Native believes the pandemic will help stimulate development.

“Any of that old world thinking into the new world thinking—that’s what we're going to do with our new prototype,” Chaon says. “… We want to get as much information from all of our constituents. So whether those constituents are guests, whether they are vendors, whether they are people that we know as far our competition … If we can take what we do today well and we can incorporate really our core values—so our passion for what we do in our community, the integrity of our brand, the quality and craveability of our food, the awareness, whether that be social awareness, awareness of what's going on in an economic environment, and connection to our communities—then we feel like we're gonna take all of that and our legacy, and we hope to put it into a 2,500 to 3,000-square-foot building.”

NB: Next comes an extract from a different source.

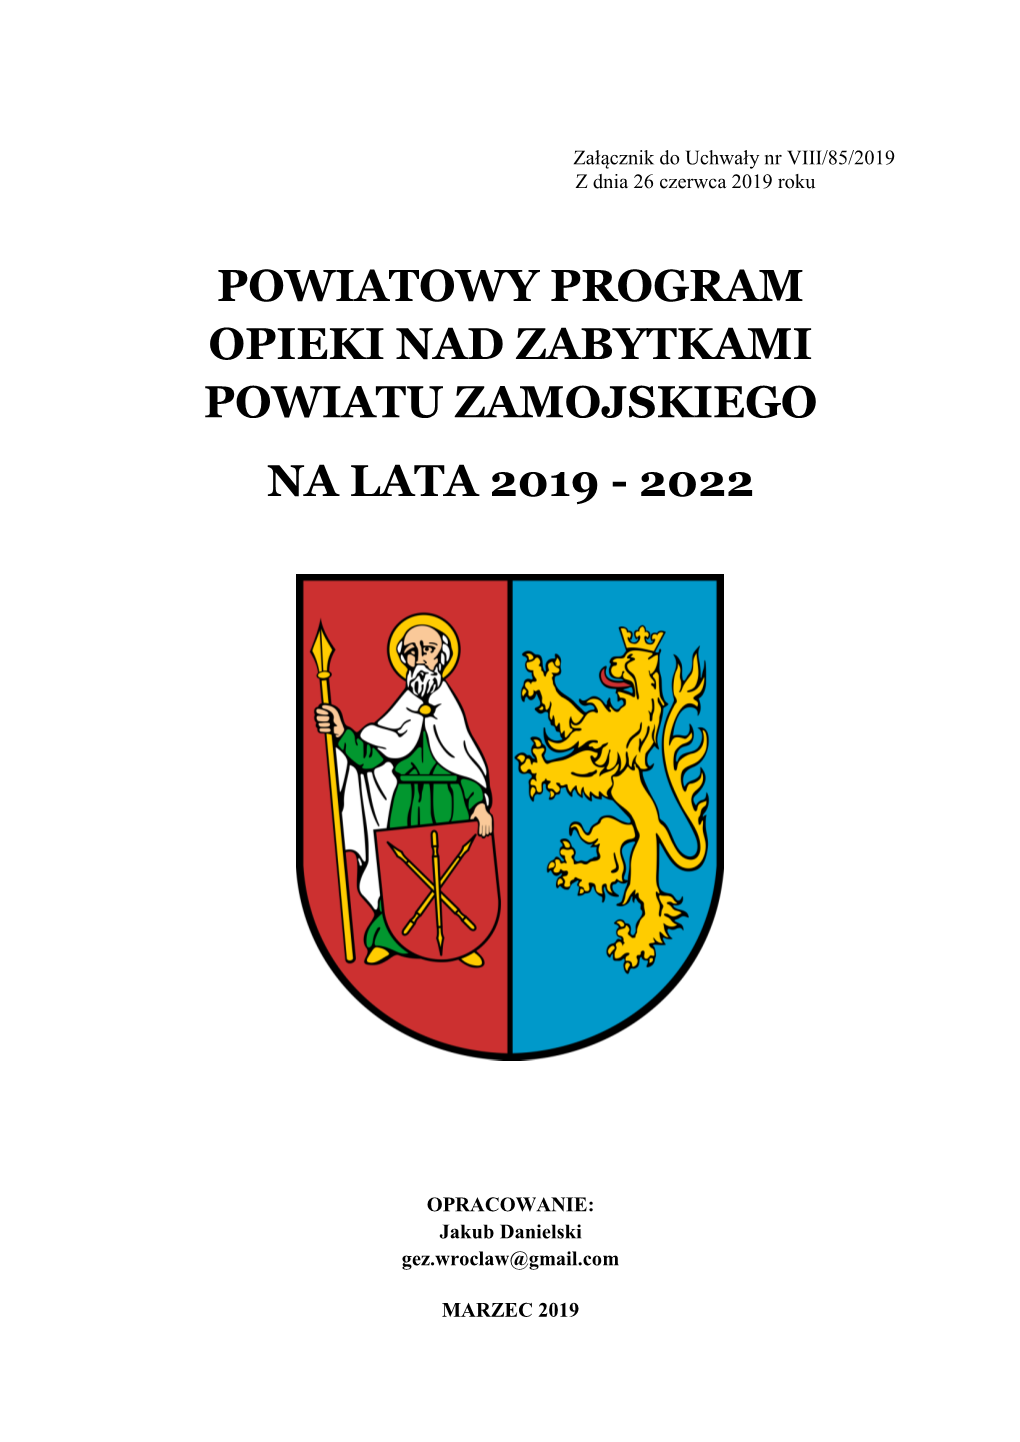 Powiatowy Program Opieki Nad Zabytkami Powiatu Zamojskiego Na Lata 2019 - 2022

The CEO believes the pandemic will help stimulate development. Similar to other full-service restaurants, the tough times pushed Native to strategically realign P&L, such as smaller menus, implementation of staff, and better controls. These changes resulted in unit level profitability during the most critical months.

This allows the brand to create stronger franchising tools like the new operating partner program in which the company will tell the story of its legacy and use it as an accelerant to find operators.

The objective is to open two locations in 2021 and reach a four-to-six development pace by 2022. Chaon says that as a franchisor, Native wants to provide the best avenue to reach 40 units, not 100. And if the company crosses 40 and everything appears right, then the brand will set a new benchmark.

“We just want to take that little engine that could  and we want to put it now into a rocket ship,” Chaon says. “When I say we're going to put wings on Mars, that's going to be interpretation up to all the people associated with the brand, and we want to take that creative thinking, we want to get all the information that we can gather and data, and I think we can keep the brand growing. I think that if we look up tomorrow, I'd rather have 40 restaurants just kicking butt than have 100 restaurants struggling.”